Education through eXploration: Reimagining learning in a digital age

Ariel Anbar, Arizona Statue University biogeochemist

The College of Science and Ecampus present the second speaker, biogeochemist and educator Ariel Anbar, as part of the series, "Innovating Science Online." Through this partnership, faculty learn from educational leaders and innovators around the country who highlight best practices in developing and teaching science courses online.

Ariel Anbar is a President's Professor in the School of Earth and Space Exploration and School of Molecular Sciences at Arizona State University (ASU). He will discuss his large-enrollment online courses "Habitable Worlds" and "Biology Beyond" in a series of workshops and meetings on Tuesday, March 21, 2017. The courses are among ASU Online's flagship smart courses and have been featured in the Chronicle of Higher Education.

Anbar will share his expertise and research on using emerging technologies such as interactive, adaptive inquiry-driven tutorials, gamification, and Virtual Field Trips (VFT) to build innovative and engaging online science courses. He also will share his vision of how these new technologies provide opportunities to radically shift the traditional paradigm of teaching from instilling "mastery" to giving students instead a flexible set of skills and experiences that enable them to successfully—and independently— navigate the always evolving "unknowns" in any field of knowledge or practice. This approach is centered on questions rather than disciplines.
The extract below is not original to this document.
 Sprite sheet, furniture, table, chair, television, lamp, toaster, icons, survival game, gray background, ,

Anbar and his colleagues develop teaching network platforms through which experiences can be created, deployed, adopted, analyzed, and adapted by far-flung communities of instructors at internet scale.
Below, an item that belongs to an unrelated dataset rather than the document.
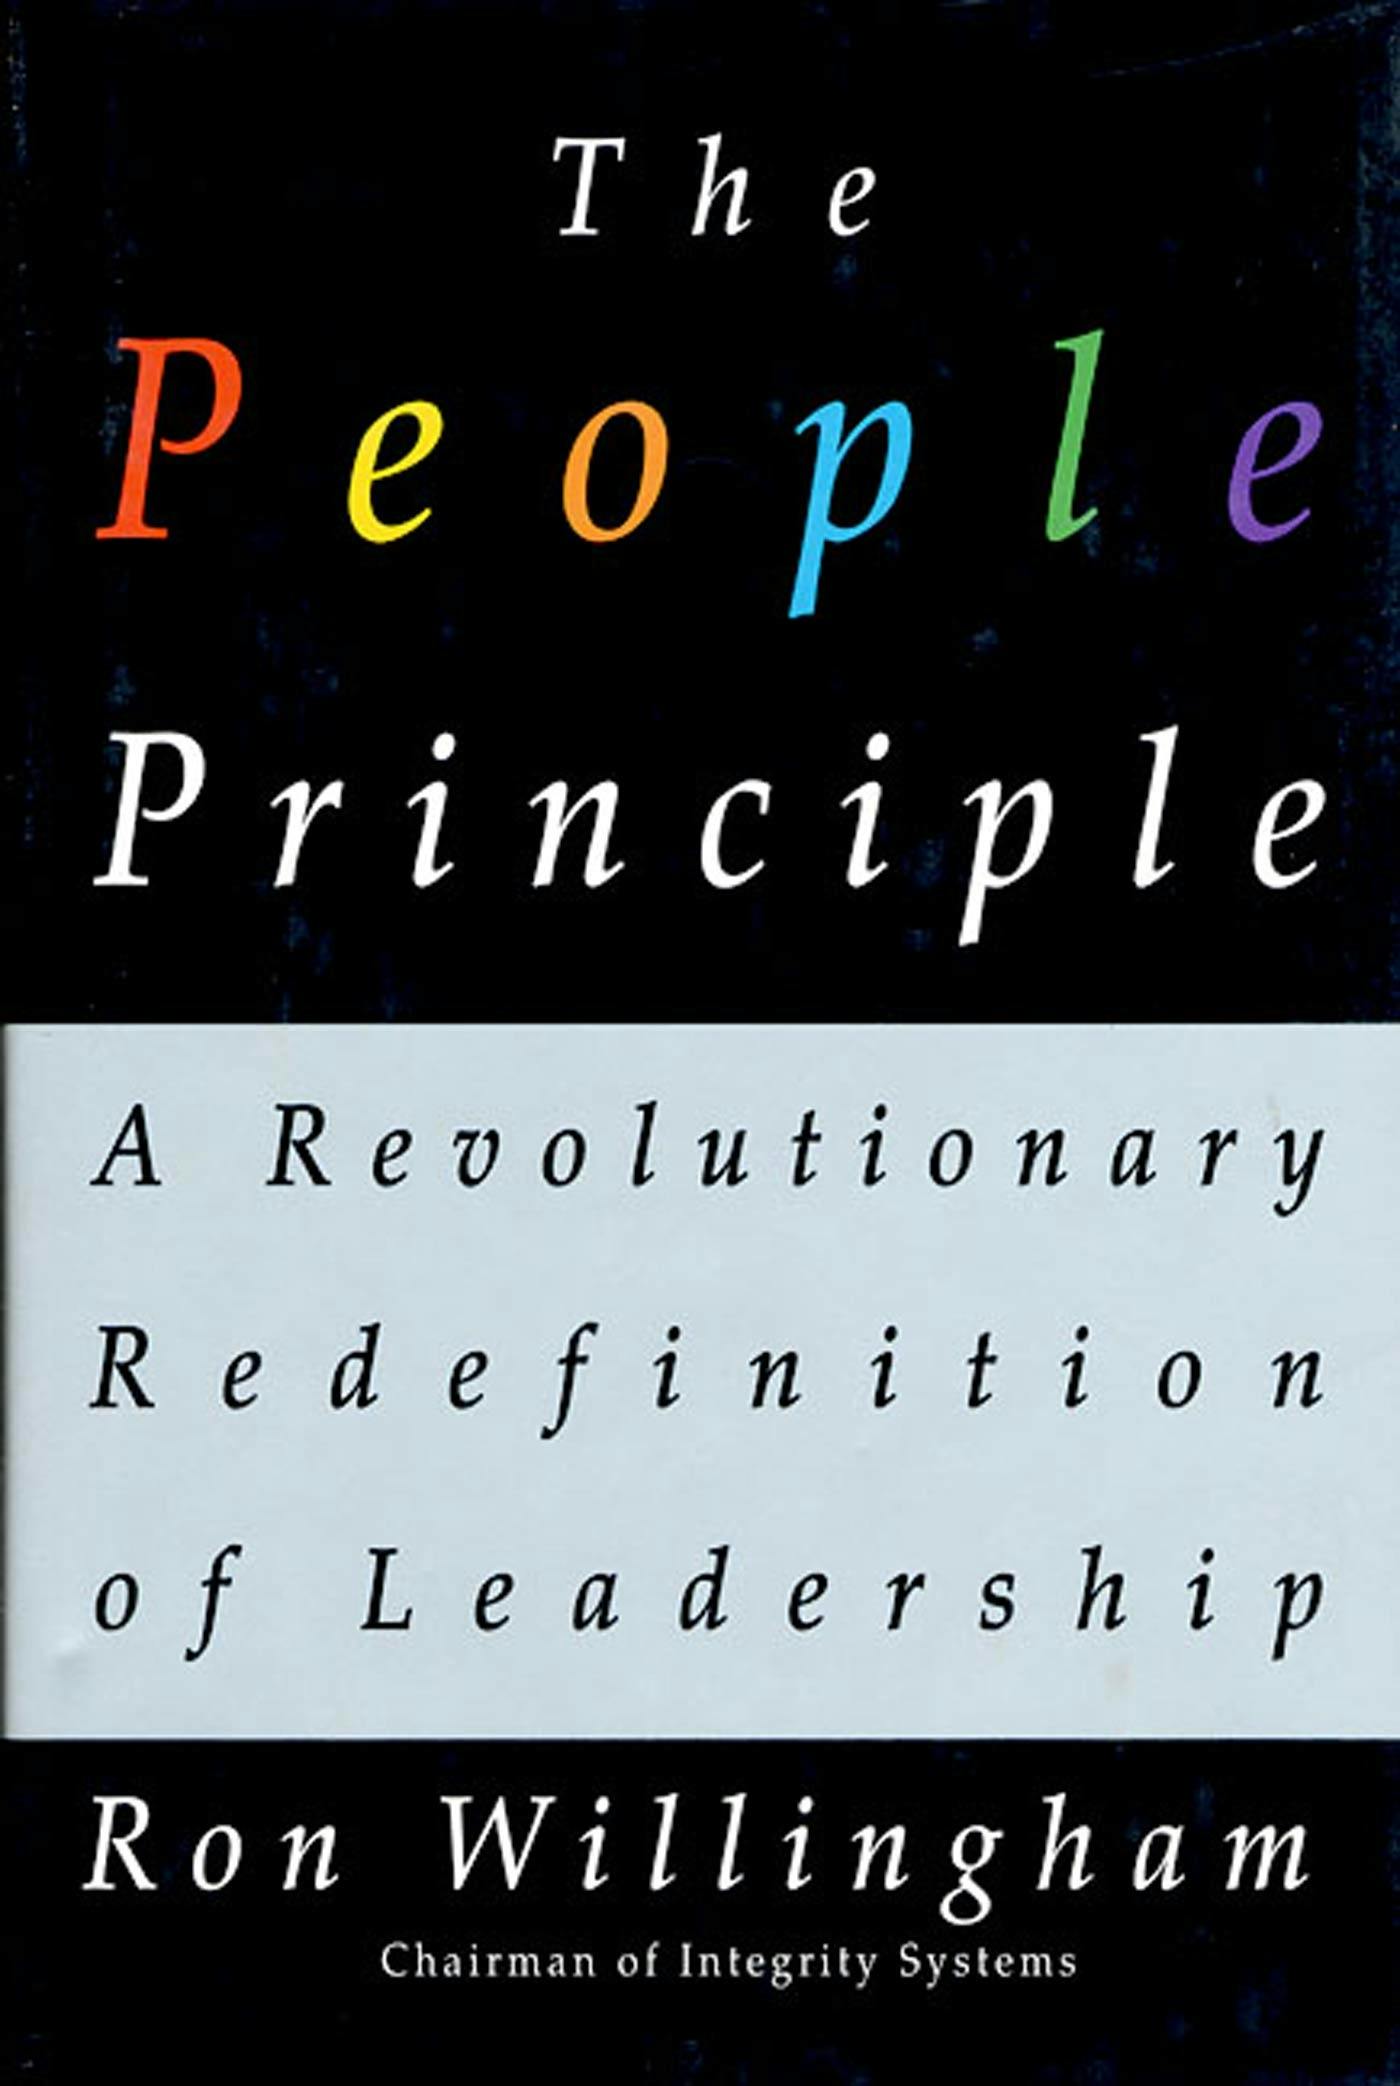 Describes for The People Principle by authors

He will present a free public lecture, "Education Through eXploration: Reimagining Learning in a Digital Age," from 4-5 p.m. in the Learning Innovation Center (LInC) room 200. He will also present two special workshops for science faculty that dive deeper into specifics:

  • A discussion on using third-party providers and developing an online platform from 11:30 a.m.-12:30 p.m. in Kidder 128.
  • A discussion about the effects of online education on student interaction, teaching assistants, and graduate school from 1:00-2:00 p.m. in LInC 268.

Dr. Anbar’s visit to OSU will give science, other STEM faculty, campus leaders and the public the opportunity to learn about:

  • Nurturing students who are problem solvers rather than "fact-regurgitators" and "algorithm-appliers"
  • Designing network platforms that allow for large-enrollment, internet scaling and far-flung communities of instructors and students
  • Engaging students with active learning online
  • Making the most of gamification
  • Deploying Virtual Field Trip technology to get your remote students engaged in "hands-on" experiences by means of robotic Gigapan systems, remotely-manipulable cameras, aerial vehicles, and more
  • Building confidence and fluency in cross-disciplinary work
  • Using new online learning platforms such as Smart Sparrow LLC.

Ariel Anbar is a biogeochemist and educator interested in Earth’s past and future as an inhabited world, and the prospects for life beyond. He directed ASU's NASA-funded Astrobiology Program from 2009-15, and oversees the new Center for Education Through eXploration.

Anbar works to develop and apply new analytical methods in elemental and isotope geochemistry to tease information about ancient environments from the geologic record. His research involves chemical and biochemical experiments, quantum chemical modeling, and geological fieldwork. Anbar has also studied the atmospheric chemistry of present-day Earth and Mars, the bombardment history of the early Earth, and the use of metal stable isotopes in biomedicine. He teaches courses in environmental chemistry and isotope biogeochemistry.

Anbar is a graduate of Harvard and Caltech, and was on the faculty of the University of Rochester before moving to ASU in 2004. The author or co-author of more than 100 refereed papers, Anbar is a Fellow of the Geological Society of America, which awarded him the Donath Medal, and a Fellow of both the Geochemical Society and the European Association of Geochemistry.